Snapshot query is an Early Access Program feature in Confluent Cloud for Apache Flink.

An Early Access feature is a component of Confluent Cloud introduced to gain feedback. This feature should be used only for evaluation and non-production testing purposes or to provide feedback to Confluent, particularly as it becomes more widely available in follow-on preview editions.

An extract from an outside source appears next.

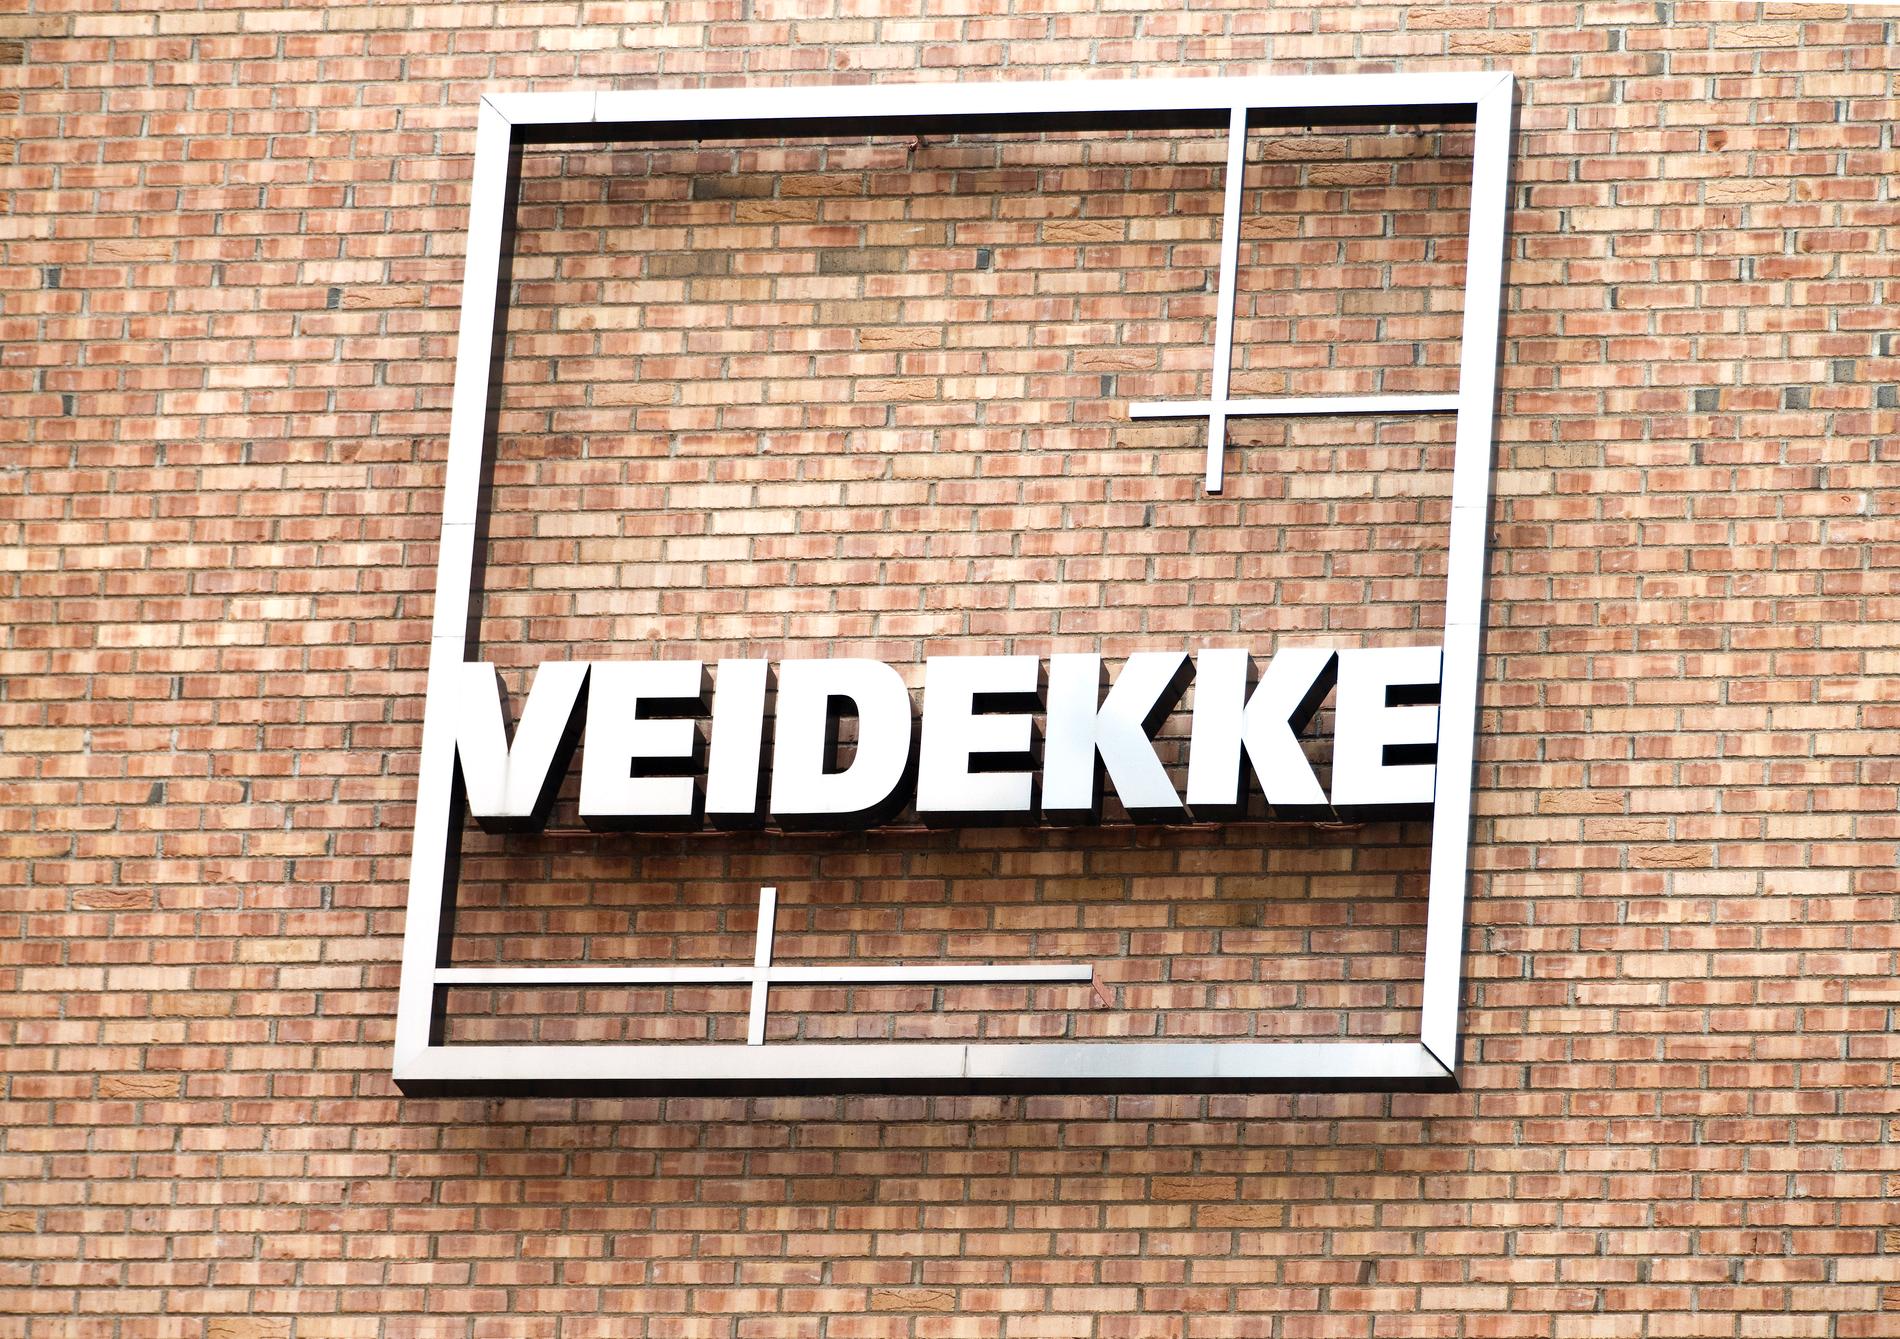 Det norska byggföretaget Veidekke sprängde utan tillstånd. Arkivbild.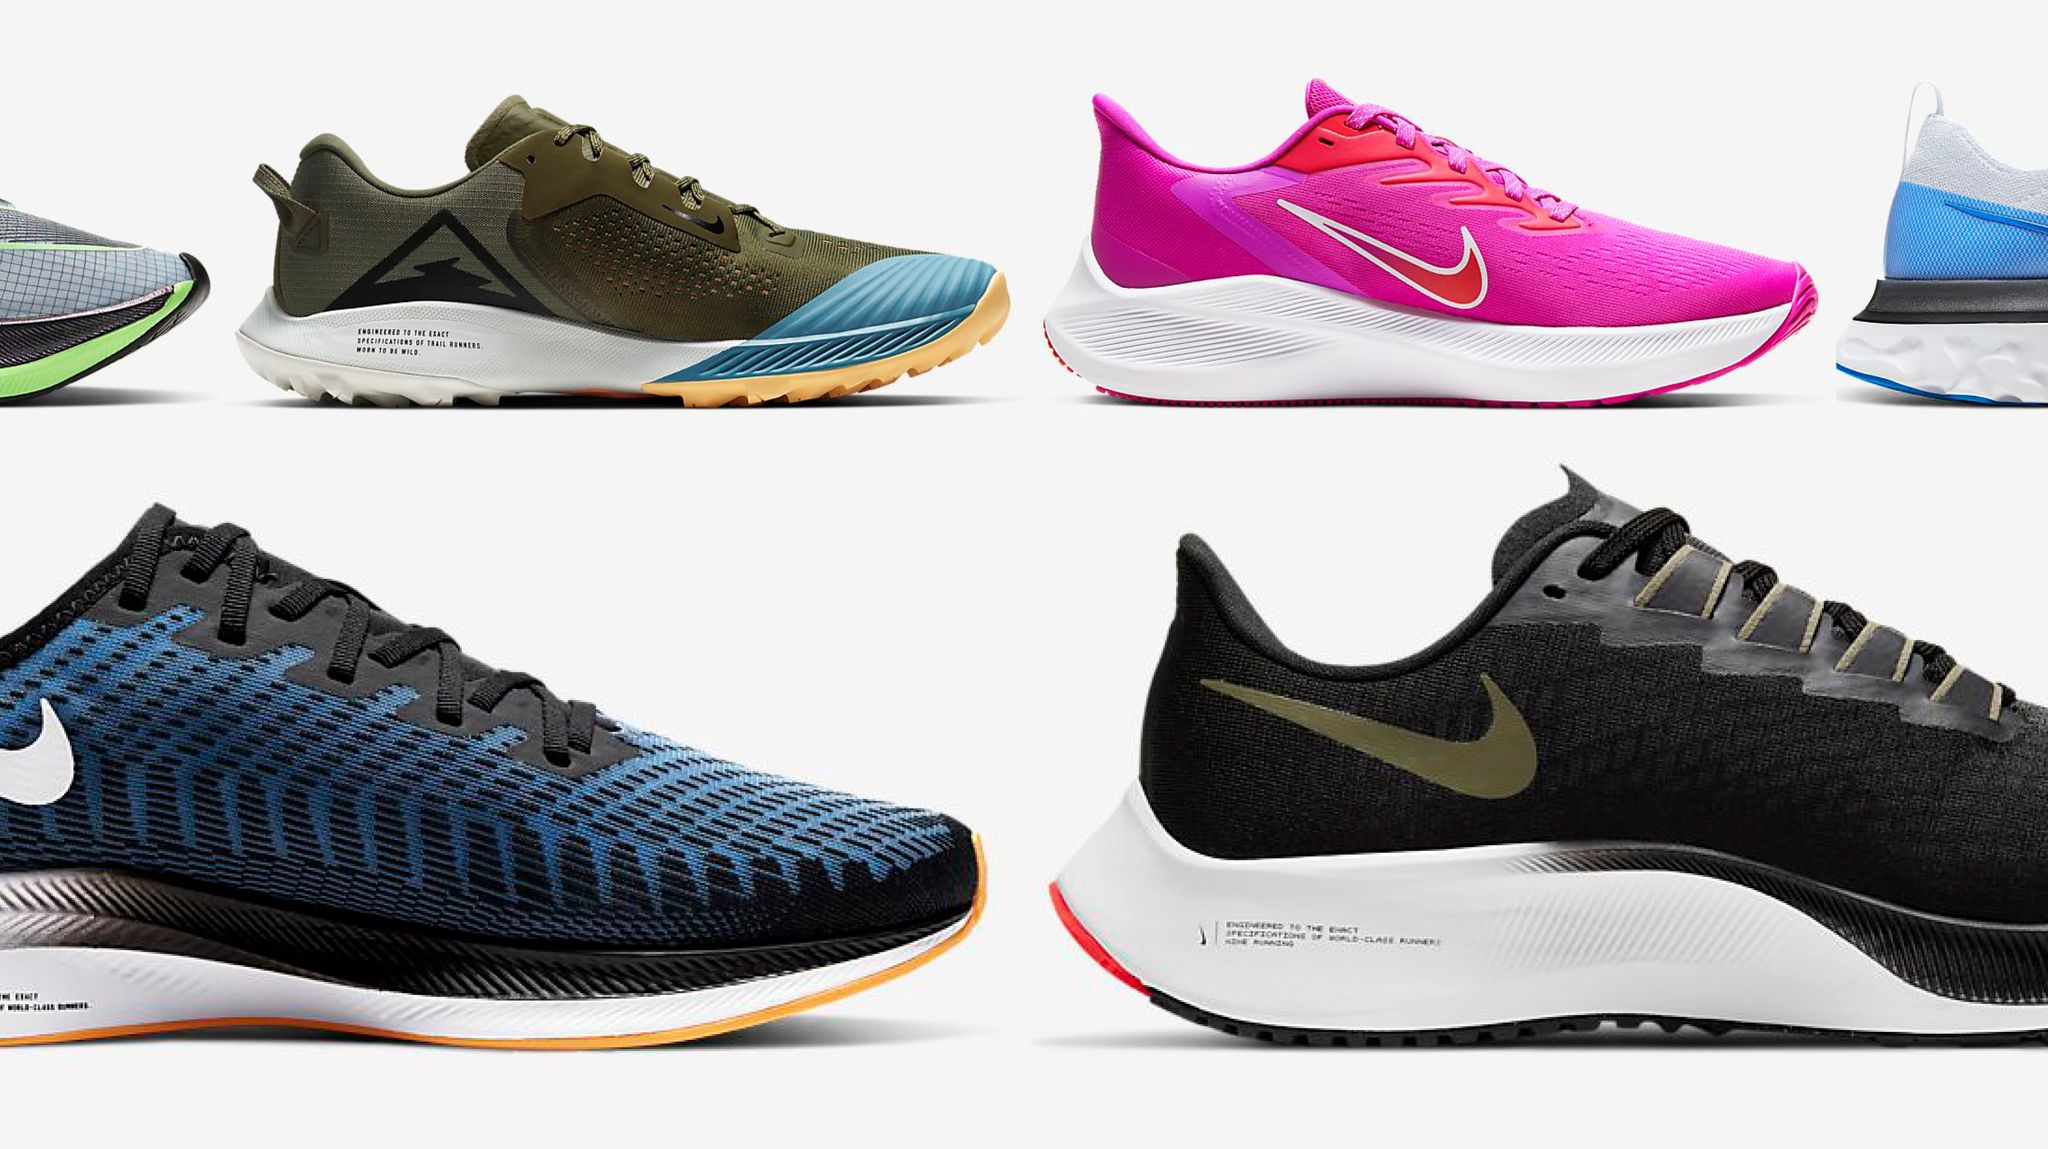 Top 10 giày chạy bộ Nike tốt nhất 2022 - Runningshoes

Early Access Program features are intended for evaluation use in development and testing environments only, and not for production use. Early Access Program features are provided: (a) without support; (b) “AS IS”; and (c) without indemnification, warranty, or condition of any kind. No service level commitment will apply to Early Access Program features. Early Access Program features are considered to be a Proof of Concept as defined in the Confluent Cloud Terms of Service. Confluent may discontinue providing preview releases of the Early Access Program features at any time in Confluent’s sole discretion.

Prerequisites

  • Access to Confluent Cloud.
  • The OrganizationAdmin, EnvironmentAdmin, or FlinkAdmin role for creating compute pools, or the FlinkDeveloper role if you already have a compute pool. If you don’t have the appropriate role, contact your OrganizationAdmin or EnvironmentAdmin. For more information, see Grant Role-Based Access in Confluent Cloud for Apache Flink.
  • A provisioned Flink compute pool.

Step 1: Create an example data stream

In this step, you create a Datagen source connector that produces a stream of data.

If you have a topic with data, you can skip this step and proceed to Step 2: Run a snapshot query on the topic.

  1. In the Confluent Cloud UI, go to the Environments page.

  2. Select the environment where you want to create the connector.

  3. In the Overview page, click the cluster that you want to use.

  4. In the navigation menu, click Connectors.

  5. Click Add connector, and in the Connector Plugins page, click Sample Data.

  6. In the Launch Sample Data dialog, click Users, and click Launch.

    It may take a few minutes to create the connector.

Step 2: Run a snapshot query on the topic

  1. In the navigation menu, click Topics.

  2. In the topics list, find the topic you want to query. If you created a Datagen source connector, the topic is named sample_data_users.

  3. Click the topic name to open the topic details page.

  4. Click Query with Flink.

    A Flink workspace opens with a SQL editor that you can use to run a snapshot query.

  5. In the cell, find the Mode dropdown, which defaults to Streaming.

  6. Change the mode to Snapshot and click Run.

    The query runs and returns all of the messages that have been produced to the topic at the current point in time.

Step 3: Set the snapshot mode in SQL

You can set the snapshot mode in SQL by using the SET statement to assign the sql.snapshot.mode configuration option.

  1. In the cell, prepend the SELECT statement with the following SET statement:

    SET 'sql.snapshot.mode' = 'now';
    SELECT * FROM `<your-env>`.`<your-cluster>`.`sample_data_users`;
    
  2. Click Run.

    The query runs and returns all of the messages that have been produced to the topic at the current point in time.